HYPERBOLIC DEEP REINFORCEMENT LEARNING

Abstract

In deep reinforcement learning (RL), useful information about the state is inherently tied to its possible future successors. Consequently, encoding features that capture the hierarchical relationships between states into the model's latent representations is often conducive to recovering effective policies. In this work, we study a new class of deep RL algorithms that promote encoding such relationships by using hyperbolic space to model latent representations. However, we find that a naive application of existing methodology from the hyperbolic deep learning literature leads to fatal instabilities due to the non-stationarity and variance characterizing common gradient estimators in RL. Hence, we design a new general method that directly addresses such optimization challenges and enables stable end-to-end learning with deep hyperbolic representations. We empirically validate our framework by applying it to popular on-policy and off-policy RL algorithms on the Procgen and Atari 100K benchmarks, attaining near universal performance and generalization benefits. Given its natural fit, we hope this work will inspire future RL research to consider hyperbolic representations as a standard tool.

1. INTRODUCTION

Reinforcement Learning (RL) achieved notable milestones in several game-playing and robotics applications (Mnih et al., 2013; Vinyals et al., 2019; Kalashnikov et al., 2018; OpenAI et al., 2019; Lee et al., 2021) . However, all these recent advances relied on large amounts of data and domain-specific practices, restricting their applicability in many important real-world contexts (Dulac-Arnold et al., 2019) . We argue that these challenges are symptomatic of current deep RL models lacking a proper prior to efficiently learn generalizable features for control (Kirk et al., 2021) . We propose to tackle this issue by introducing hyperbolic geometry to RL, as a new inductive bias for representation learning.
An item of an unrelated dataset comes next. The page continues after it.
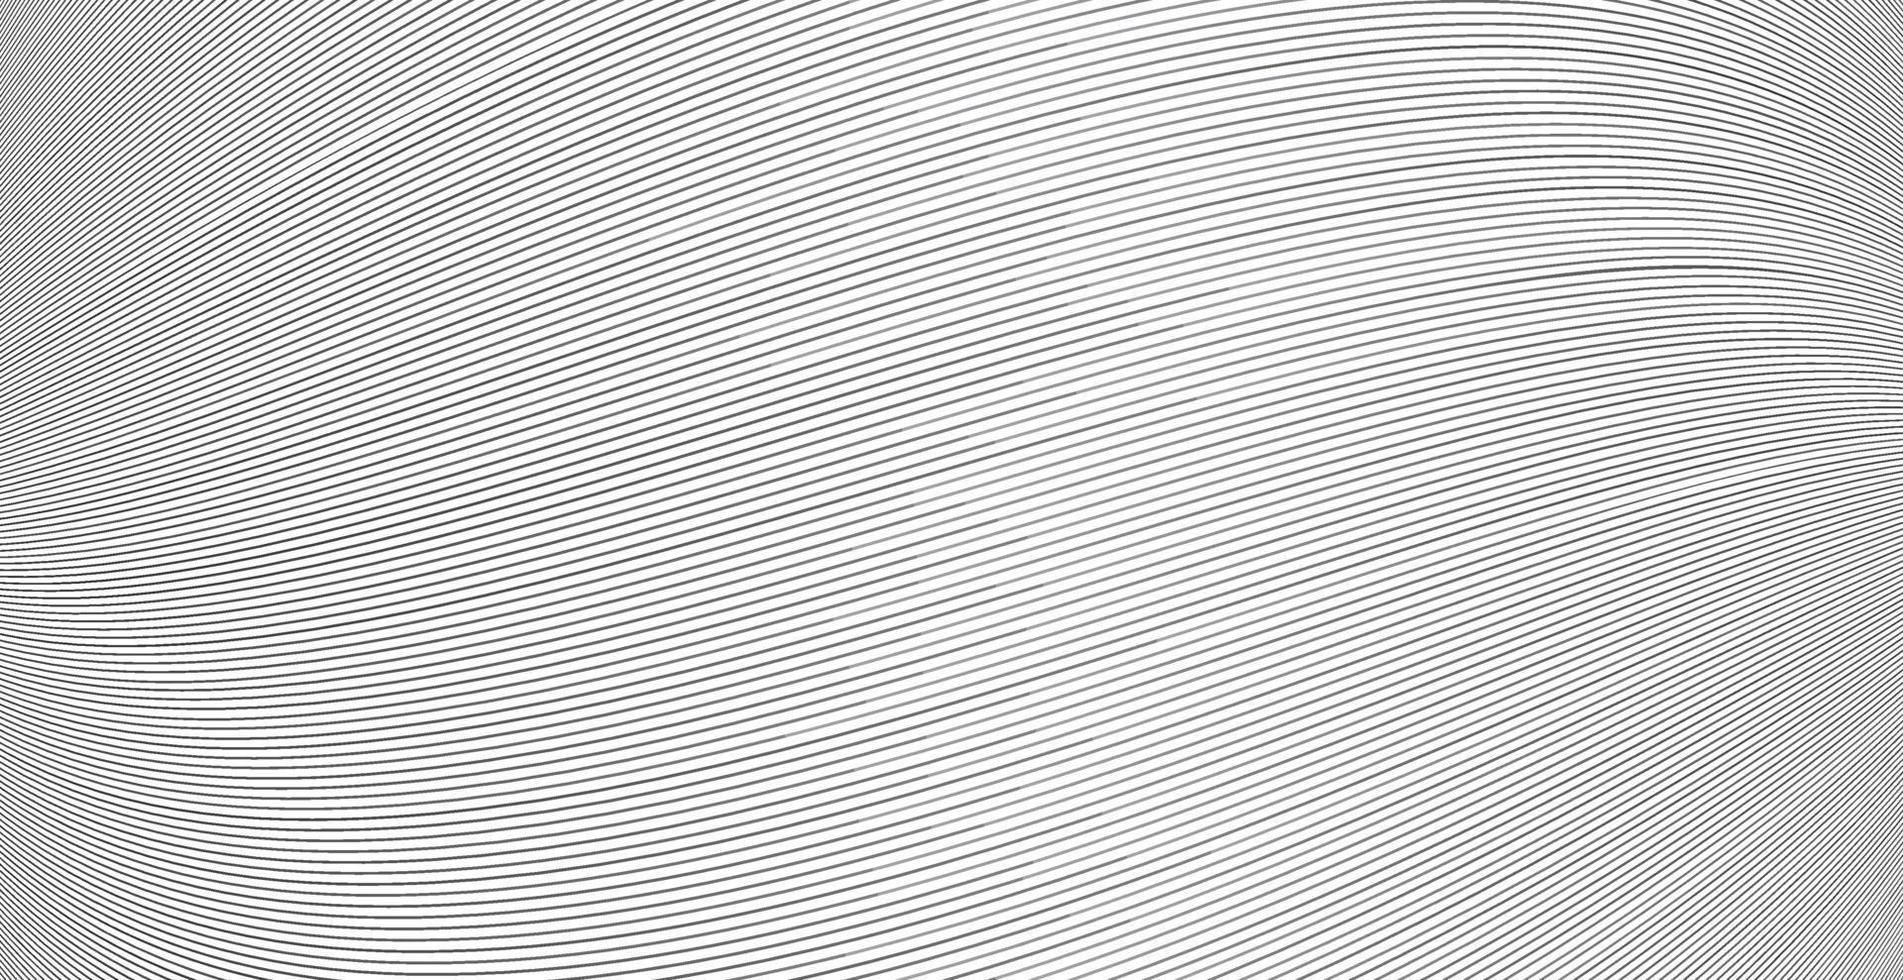 abstrait rayé diagonal déformé. vecteur courbe torsadée inclinée, texture de lignes ondulées. tout nouveau style pour la conception de votre entreprise.
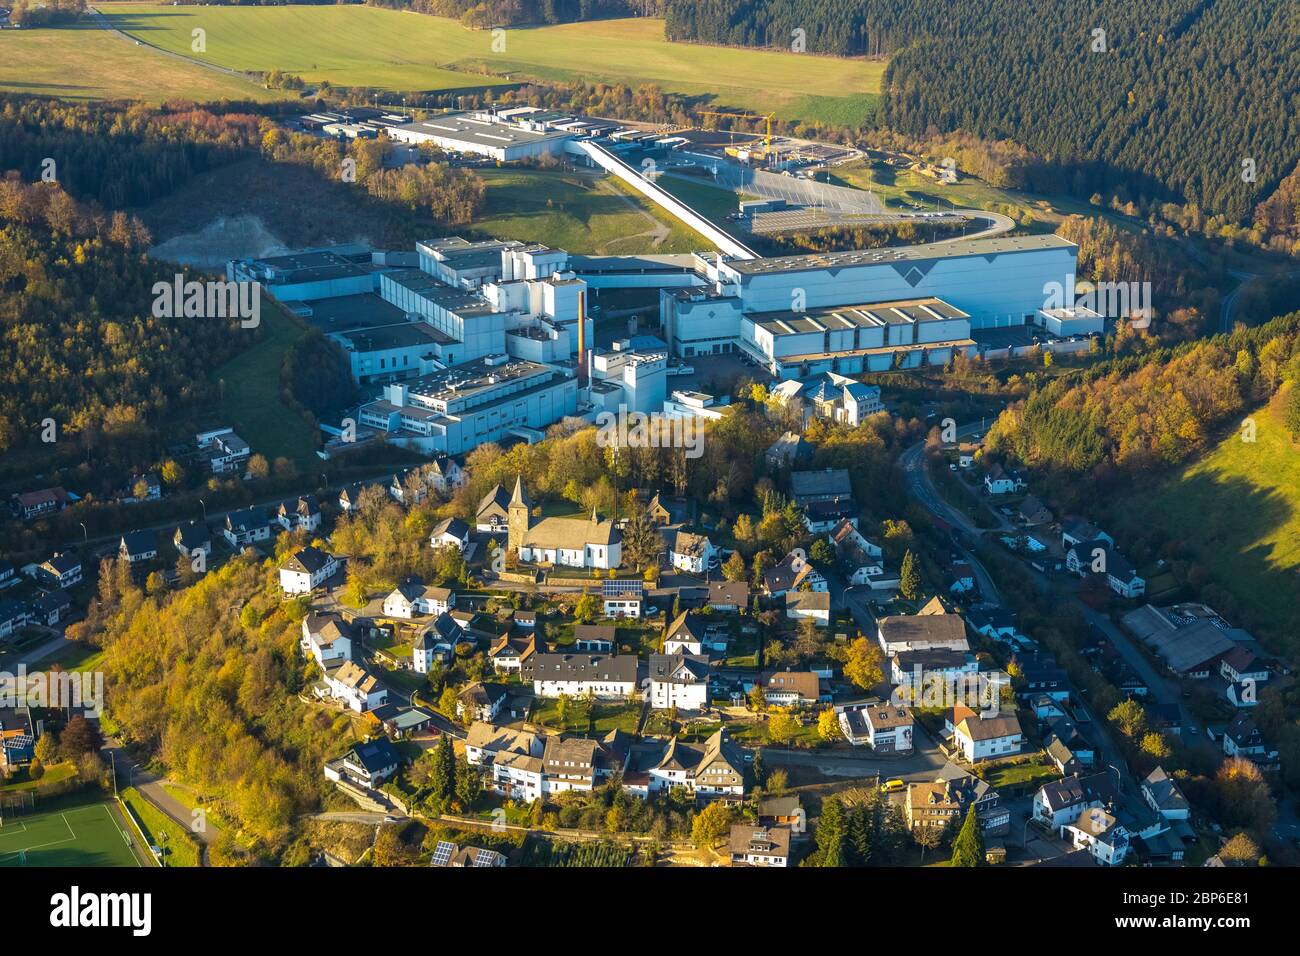 Aerial view, brewery C. & A. VELTINS GmbH & Co. KG, town view Grevenstein with church St. Antonius Einsiedler, Grevenstein, Meschede, Sauerland, North Rhine-Westphalia, Germany Stock Photo

The evolution of the state in a Markov decision process can be conceptualized as a tree, with the policy and dynamics determining the possible branches. Analogously, the same hierarchical evolution often applies to the most significant features required for decision-making (e.g., presence of bricks, location of paddle/ball in Fig. 1 ). These relationships tend to hold beyond individual trajectories, making hierarchy a natural basis to encode information for RL (Flet-Berliac, 2019). Consequently, we hypothesize that deep RL models should prioritize encoding precisely hierarchically-structured features to facilitate learning effective and generalizable policies. In contrast, we note that nonevolving features, such as the aesthetic properties of elements in the environment, are often linked with spurious correlations, hindering generalization to new states (Song et al., 2019) . Similarly, human cognition also appears to learn representations of actions and elements of the environment by focusing on their underlying hierarchical relationship (Barker & Wright, 1955; Zhou et al., 2018) . Hyperbolic geometry (Beltrami, 1868; Cannon et al., 1997) provides a natural choice to efficiently encode hierarchically-structured features. A defining property of hyperbolic space is exponential volume growth, which enables the embedding of tree-like hierarchical data with low distortion using only a few dimensions (Sarkar, 2011) . In contrast, the volume of Euclidean spaces only grows



Figure 1: Hierarchical relationship between states in breakout, visualized in hyperbolic space.